China has chosen 16 cities to pilot reform of government-run hospitals in an effort to ease public complaint of rising medical bills, according to an official circular released on Tuesday.

The cities are required to establish a reasonable, effective and optimized medical service system, and to fully motivate all medical workers to provide the public with safe, effective, convenient and affordable medical services, according to the document.

Public hospitals must retain its goal of serving the public interests and their top priority should be protecting people's health, said the document, jointly issued by five ministries including the Ministry of Health.

The cities, including six in central China, six in the east and four in the west, were asked to start the reform from this year.

China in April 2009 unveiled a blueprint for health-care over the next decade, kicking off a much-anticipated reform to fix its ailing medical system. The core principle of the reform is to provide basic health care as a "public service" to the people.

Health Minister Chen Zhu said serving the public interests should be underscored in the health care reform and the public hospitals should play a leading role in it.

MOH statistics show that China had about 14,000 public hospitals nationwide by November 2009.

Li Ling, prof. with the China Center for Economic Research of Peking University, said the reform meant public hospitals would return to its nature of serving the public rather than making money.

"This is key to solving the complaints of costly medical service," Li said.

Public hospitals in China enjoyed full government funding before 1985. Since then the situation changed as public hospitals embarked on a market-oriented reform as economic reform and opening up policy adopted in late 1978 deepened in the country.

"Public hospitals were allowed to make profits to invigorate themselves since then," said Xie Pengyan, professor of Peking University First Hospital. "Our hospital grew fast and my income increased remarkably since that year."

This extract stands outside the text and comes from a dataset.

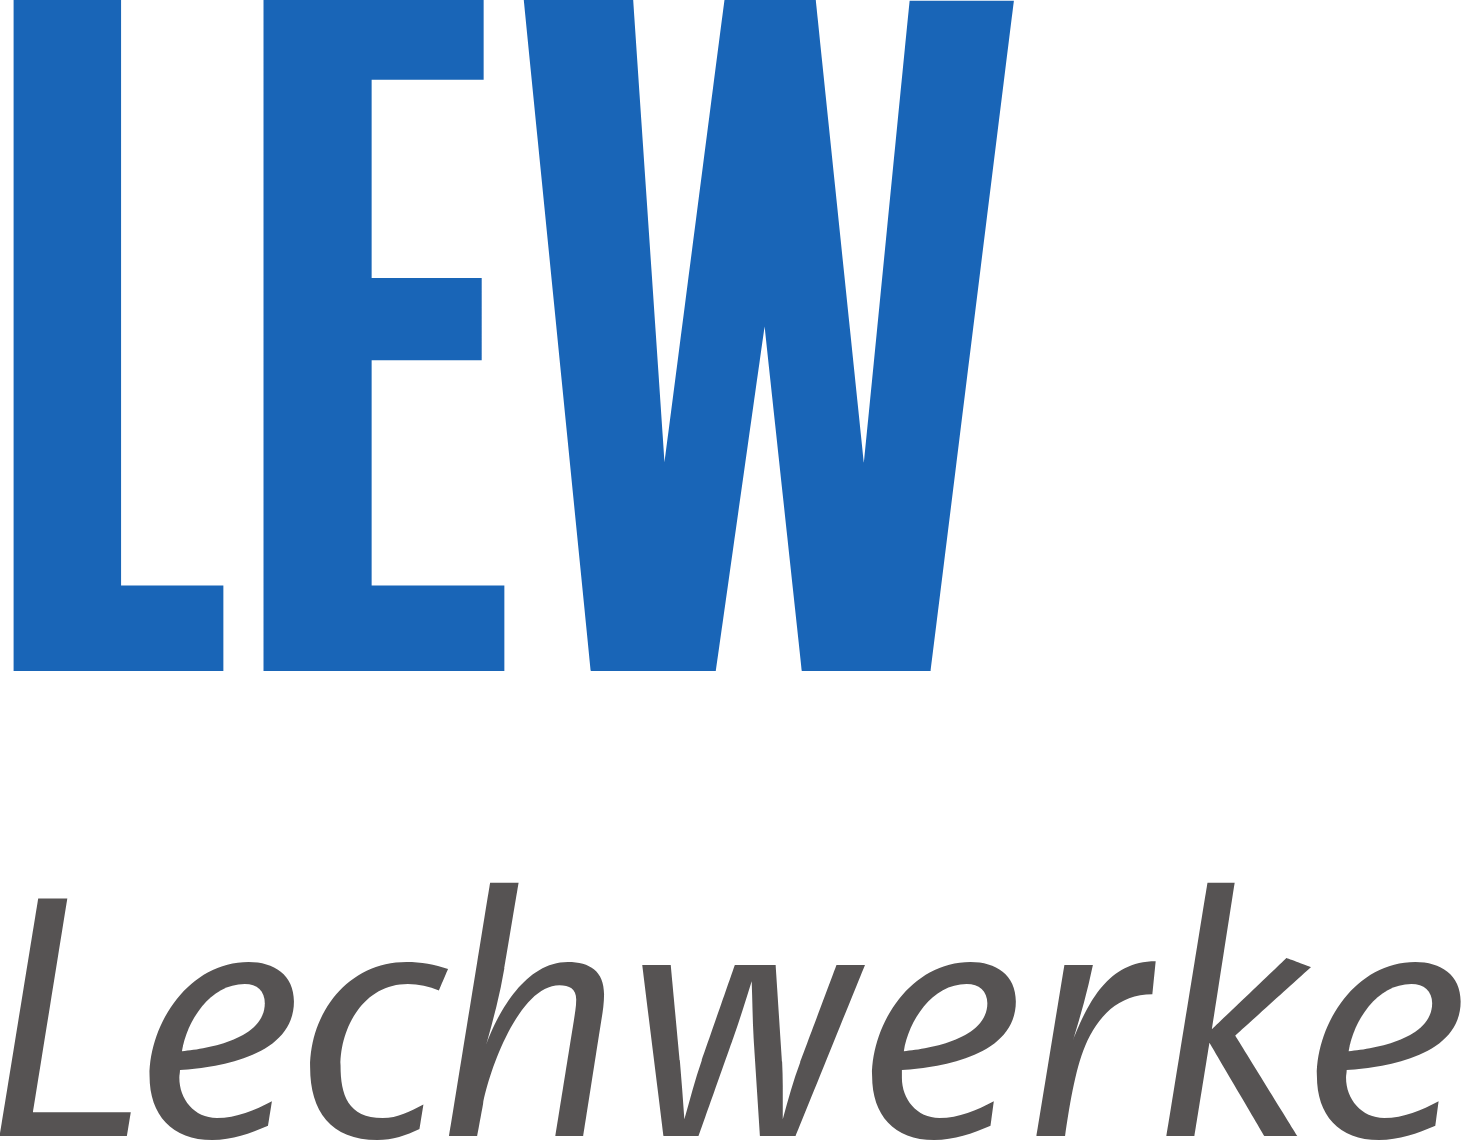 Lechwerke logo large (transparent PNG)

Analysts said the market-oriented reform had greatly improved medical service to some extent. But the fact that hospitals operated using profits from medical services and drug prescriptions also resulted in soaring medical costs.

According to the circular, public hospitals will not be allowed to make profit from drug prescriptions. They should operate on government funding and charges from medical services.

The document also said that efforts should be made to strengthen hospitals in rural areas. Public hospitals are required to train medical workers for grassroot medical institutions.